ACTIVITY
Find the line containing "L’Oréal Paris Color" in the listing below. Repeat it exactly, along with each following line up to and including the one containing "поговорить с партнёром".

RECORDED INFORMATION Block Start

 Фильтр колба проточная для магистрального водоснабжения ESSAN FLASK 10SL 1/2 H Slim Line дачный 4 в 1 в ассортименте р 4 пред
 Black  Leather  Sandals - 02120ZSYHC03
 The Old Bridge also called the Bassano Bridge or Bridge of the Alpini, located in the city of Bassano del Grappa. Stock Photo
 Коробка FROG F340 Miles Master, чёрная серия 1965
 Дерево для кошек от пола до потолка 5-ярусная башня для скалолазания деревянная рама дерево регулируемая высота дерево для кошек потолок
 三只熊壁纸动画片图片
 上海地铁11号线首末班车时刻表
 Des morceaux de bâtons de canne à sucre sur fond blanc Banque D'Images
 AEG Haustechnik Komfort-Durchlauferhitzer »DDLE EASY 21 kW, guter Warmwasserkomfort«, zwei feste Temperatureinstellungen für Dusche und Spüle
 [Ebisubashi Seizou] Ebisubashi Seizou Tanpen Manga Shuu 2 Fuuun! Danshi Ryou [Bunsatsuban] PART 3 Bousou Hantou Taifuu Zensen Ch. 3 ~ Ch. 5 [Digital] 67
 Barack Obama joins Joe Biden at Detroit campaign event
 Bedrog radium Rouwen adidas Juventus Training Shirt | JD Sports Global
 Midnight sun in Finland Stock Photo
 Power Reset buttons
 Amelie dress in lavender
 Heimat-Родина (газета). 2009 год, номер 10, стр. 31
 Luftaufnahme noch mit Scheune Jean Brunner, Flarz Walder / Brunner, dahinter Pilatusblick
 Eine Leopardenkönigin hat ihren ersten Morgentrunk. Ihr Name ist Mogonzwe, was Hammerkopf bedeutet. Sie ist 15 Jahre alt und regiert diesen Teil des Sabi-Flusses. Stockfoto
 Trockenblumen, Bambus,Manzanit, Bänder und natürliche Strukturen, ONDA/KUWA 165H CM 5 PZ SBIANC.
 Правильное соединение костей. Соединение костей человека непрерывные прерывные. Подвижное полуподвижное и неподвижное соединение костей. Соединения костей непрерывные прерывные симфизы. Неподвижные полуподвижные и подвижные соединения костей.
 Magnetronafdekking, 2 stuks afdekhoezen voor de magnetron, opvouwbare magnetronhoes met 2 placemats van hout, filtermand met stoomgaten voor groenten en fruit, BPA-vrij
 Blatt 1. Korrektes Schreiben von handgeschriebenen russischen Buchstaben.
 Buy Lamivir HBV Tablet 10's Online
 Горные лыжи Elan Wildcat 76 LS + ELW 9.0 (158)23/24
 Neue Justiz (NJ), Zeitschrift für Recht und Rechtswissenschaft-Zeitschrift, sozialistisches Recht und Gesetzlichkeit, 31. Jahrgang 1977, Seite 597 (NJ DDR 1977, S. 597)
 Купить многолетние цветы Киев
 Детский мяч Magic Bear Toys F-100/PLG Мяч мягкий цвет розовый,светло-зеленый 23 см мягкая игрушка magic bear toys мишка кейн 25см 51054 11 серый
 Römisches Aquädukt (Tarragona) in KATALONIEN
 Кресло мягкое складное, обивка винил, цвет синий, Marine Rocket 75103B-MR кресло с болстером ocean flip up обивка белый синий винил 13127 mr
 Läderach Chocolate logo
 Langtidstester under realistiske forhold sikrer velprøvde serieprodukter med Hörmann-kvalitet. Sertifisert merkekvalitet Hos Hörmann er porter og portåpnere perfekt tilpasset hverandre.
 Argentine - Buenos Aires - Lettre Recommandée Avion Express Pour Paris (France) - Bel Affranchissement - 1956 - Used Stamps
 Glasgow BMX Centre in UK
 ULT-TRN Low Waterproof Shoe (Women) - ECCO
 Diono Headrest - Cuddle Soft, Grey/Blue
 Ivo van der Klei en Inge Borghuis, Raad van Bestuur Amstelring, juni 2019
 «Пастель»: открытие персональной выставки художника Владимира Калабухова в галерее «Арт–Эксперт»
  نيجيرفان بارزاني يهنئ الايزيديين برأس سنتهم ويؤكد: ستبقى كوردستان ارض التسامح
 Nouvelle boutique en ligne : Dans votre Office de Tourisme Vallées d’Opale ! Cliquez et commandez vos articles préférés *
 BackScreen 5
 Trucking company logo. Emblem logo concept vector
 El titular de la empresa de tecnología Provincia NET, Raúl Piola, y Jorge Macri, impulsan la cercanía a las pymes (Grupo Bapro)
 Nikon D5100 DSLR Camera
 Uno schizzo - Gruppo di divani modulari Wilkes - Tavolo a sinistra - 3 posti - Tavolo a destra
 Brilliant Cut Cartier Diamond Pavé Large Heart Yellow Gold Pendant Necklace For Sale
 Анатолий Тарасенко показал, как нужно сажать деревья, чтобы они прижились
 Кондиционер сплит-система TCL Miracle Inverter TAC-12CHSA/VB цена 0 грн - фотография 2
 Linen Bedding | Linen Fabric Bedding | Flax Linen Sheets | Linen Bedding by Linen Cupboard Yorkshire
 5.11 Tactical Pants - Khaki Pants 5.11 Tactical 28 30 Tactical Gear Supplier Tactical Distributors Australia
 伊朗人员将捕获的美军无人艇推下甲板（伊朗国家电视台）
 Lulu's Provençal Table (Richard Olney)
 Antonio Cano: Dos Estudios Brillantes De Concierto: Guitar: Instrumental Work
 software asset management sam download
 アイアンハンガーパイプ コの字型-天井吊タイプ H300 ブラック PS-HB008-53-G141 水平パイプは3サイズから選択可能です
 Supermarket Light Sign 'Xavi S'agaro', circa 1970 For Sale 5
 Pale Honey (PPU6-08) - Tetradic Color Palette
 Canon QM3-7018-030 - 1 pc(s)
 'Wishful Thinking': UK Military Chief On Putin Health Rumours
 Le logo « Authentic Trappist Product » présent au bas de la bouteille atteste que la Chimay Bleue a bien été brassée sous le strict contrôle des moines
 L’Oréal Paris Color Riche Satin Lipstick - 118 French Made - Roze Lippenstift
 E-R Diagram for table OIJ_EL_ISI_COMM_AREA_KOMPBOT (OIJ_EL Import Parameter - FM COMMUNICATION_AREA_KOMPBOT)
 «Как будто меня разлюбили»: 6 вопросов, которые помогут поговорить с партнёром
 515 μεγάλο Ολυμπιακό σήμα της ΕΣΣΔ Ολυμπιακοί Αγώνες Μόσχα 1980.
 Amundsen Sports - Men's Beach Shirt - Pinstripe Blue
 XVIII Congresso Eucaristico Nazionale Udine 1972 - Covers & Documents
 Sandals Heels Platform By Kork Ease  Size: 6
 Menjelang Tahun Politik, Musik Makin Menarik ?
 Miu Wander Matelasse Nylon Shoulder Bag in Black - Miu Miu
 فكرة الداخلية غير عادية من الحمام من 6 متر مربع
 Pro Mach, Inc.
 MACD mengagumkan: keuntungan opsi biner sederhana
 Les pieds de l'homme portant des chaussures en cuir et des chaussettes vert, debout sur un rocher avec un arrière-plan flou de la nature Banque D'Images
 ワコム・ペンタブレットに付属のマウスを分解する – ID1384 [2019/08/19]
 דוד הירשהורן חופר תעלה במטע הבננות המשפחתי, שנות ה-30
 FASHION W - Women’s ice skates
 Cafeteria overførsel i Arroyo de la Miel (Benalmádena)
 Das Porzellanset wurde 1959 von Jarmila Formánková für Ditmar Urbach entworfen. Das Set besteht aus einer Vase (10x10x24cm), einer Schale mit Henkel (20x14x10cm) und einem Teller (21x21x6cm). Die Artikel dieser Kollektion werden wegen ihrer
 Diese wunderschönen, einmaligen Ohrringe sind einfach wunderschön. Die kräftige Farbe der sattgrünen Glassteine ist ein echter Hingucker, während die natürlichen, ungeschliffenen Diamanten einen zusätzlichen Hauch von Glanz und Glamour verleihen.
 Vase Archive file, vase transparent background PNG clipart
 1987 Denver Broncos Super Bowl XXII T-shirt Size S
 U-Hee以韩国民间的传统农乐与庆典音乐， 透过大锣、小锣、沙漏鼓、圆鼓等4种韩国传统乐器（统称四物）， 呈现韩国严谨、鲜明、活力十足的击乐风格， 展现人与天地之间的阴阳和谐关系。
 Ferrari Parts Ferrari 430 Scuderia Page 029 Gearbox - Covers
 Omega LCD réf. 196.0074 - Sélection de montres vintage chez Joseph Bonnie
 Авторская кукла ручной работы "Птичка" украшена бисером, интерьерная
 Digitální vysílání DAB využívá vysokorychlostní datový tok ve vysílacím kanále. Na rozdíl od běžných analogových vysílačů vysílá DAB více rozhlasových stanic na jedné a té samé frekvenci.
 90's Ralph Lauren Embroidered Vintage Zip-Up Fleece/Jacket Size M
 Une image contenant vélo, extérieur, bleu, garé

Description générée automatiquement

RECORDED INFORMATION Block End

TASK RESULT
 L’Oréal Paris Color Riche Satin Lipstick - 118 French Made - Roze Lippenstift
 E-R Diagram for table OIJ_EL_ISI_COMM_AREA_KOMPBOT (OIJ_EL Import Parameter - FM COMMUNICATION_AREA_KOMPBOT)
 «Как будто меня разлюбили»: 6 вопросов, которые помогут поговорить с партнёром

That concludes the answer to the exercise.